Литмир - Электронная Библиотека
A
A

На пятый день плавания Нуба вылез сам, хватаясь руками за края квадратного люка. Повертел головой и, увидев сидящего в тени у мачты купца, подошел, тоже садясь на корточки. Неловко поворачивая голову, чтоб видеть лицо Даориция, сказал:

— Ты дай мне работу, саха. Я могу.

— Можешь, — согласился купец, вынимая изо рта мундштук кальяна, — но если ты несколько дней отдохнешь, то поработаешь лучше и сделаешь больше. Я знаю свою выгоду. Отдыхай пока.

Он отложил трубку и, пошарив рукой за спиной, достал лакированную доску, украшенную инкрустациями. Поглаживая рисунки, спросил:

— Умеешь ли ты играть в тахтэ-нард, парень?

— Я видел, как играют.

— Хорошо. Садись, научу. Со мной играет только Суфа, прочие слишком глупы, чтобы состязаться по-настоящему. Но Суфа моряк и в плавании у него полно дел. Смотри, вот небесный свод, вот твои темные звезды, что пойдут по небу, и мои светлые. А вот зары их судеб.

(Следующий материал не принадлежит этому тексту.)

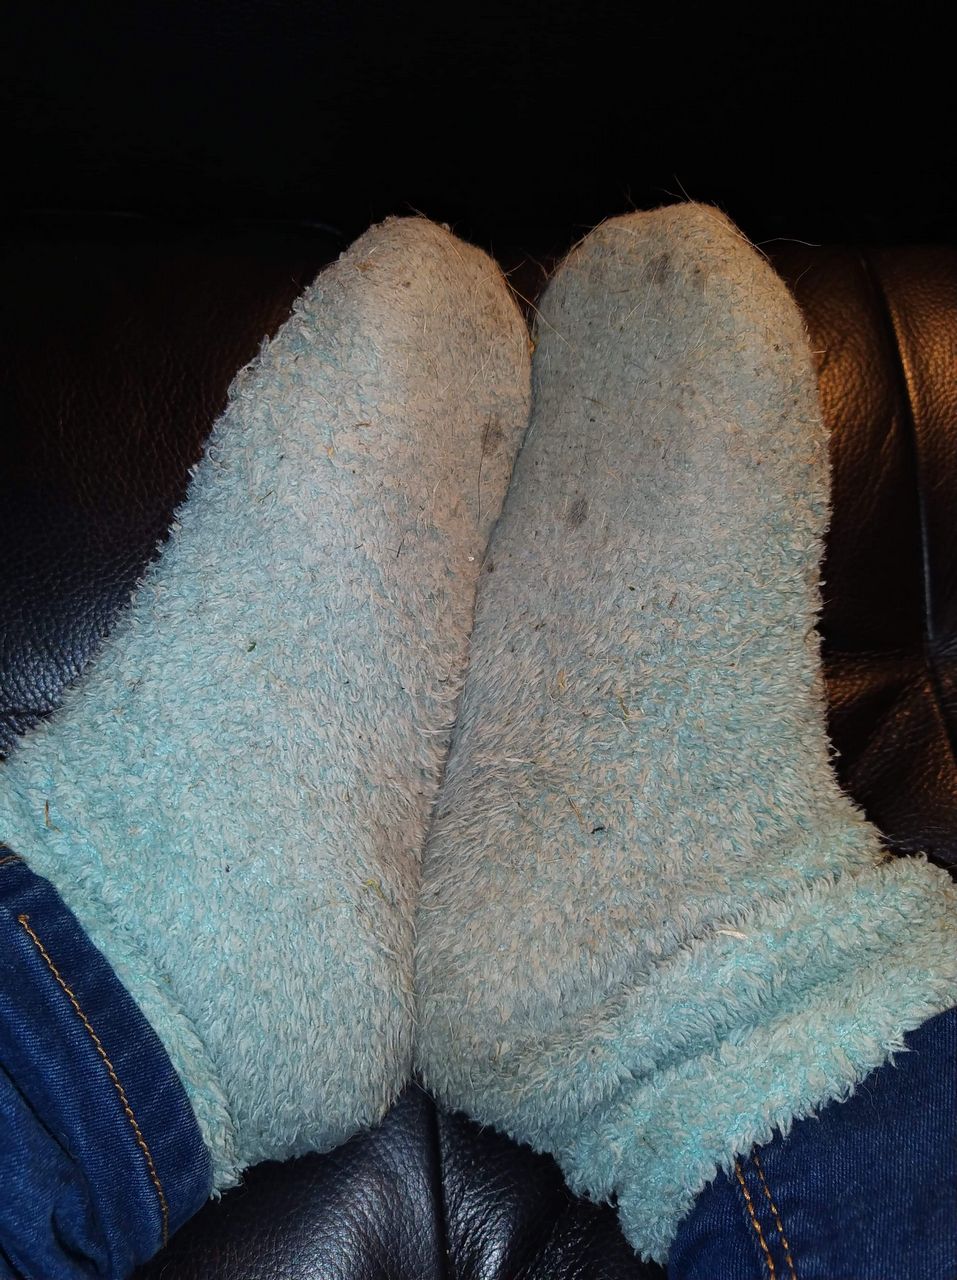 Tiptoes How Do You Like My Socks

Смуглые пальцы покрутили белые кубики, и кинули их на разрисованное длинными зубцами поле.

— Когда устанешь, скажи, я держу обещания, тебе надо отдыхать. Можешь лечь тут, а то внизу душно и нет ветерка.

Яркое солнце стелило искристые дорожки, три пары весел, мерно опускаясь, разбивали их. Хлопал над головой штопаный старый парус. Суденышко шло легко, под еле заметным ветерком, подталкиваемое работой гребцов.

— Когда ветер поднимется, ближе к ночи, парни будут отдыхать, чтоб не мешать ветру нести мой корабль. Ночью идти хорошо, держи себе на звезду, главное, не подходить к берегам, чтоб не наткнуться на скалы. Сколько у тебя выпало? Хорошо. Дай мне зары, я кидаю.

Даориций встряхивал стаканчик с зарами, бросал, они, постукивая, разлетались по гладкой доске. Журчала и всплескивала за бортом вода, и так же мерно звучал голос купца, прерываясь смешками или возгласами, обращенными к гребцам. Иногда, дожидаясь хода соперника, Даориций задавал вопросы, и Нуба, следя за игрой, отвечал машинально. А после, спохватываясь, морщил лоб, вспоминая, что успел рассказать.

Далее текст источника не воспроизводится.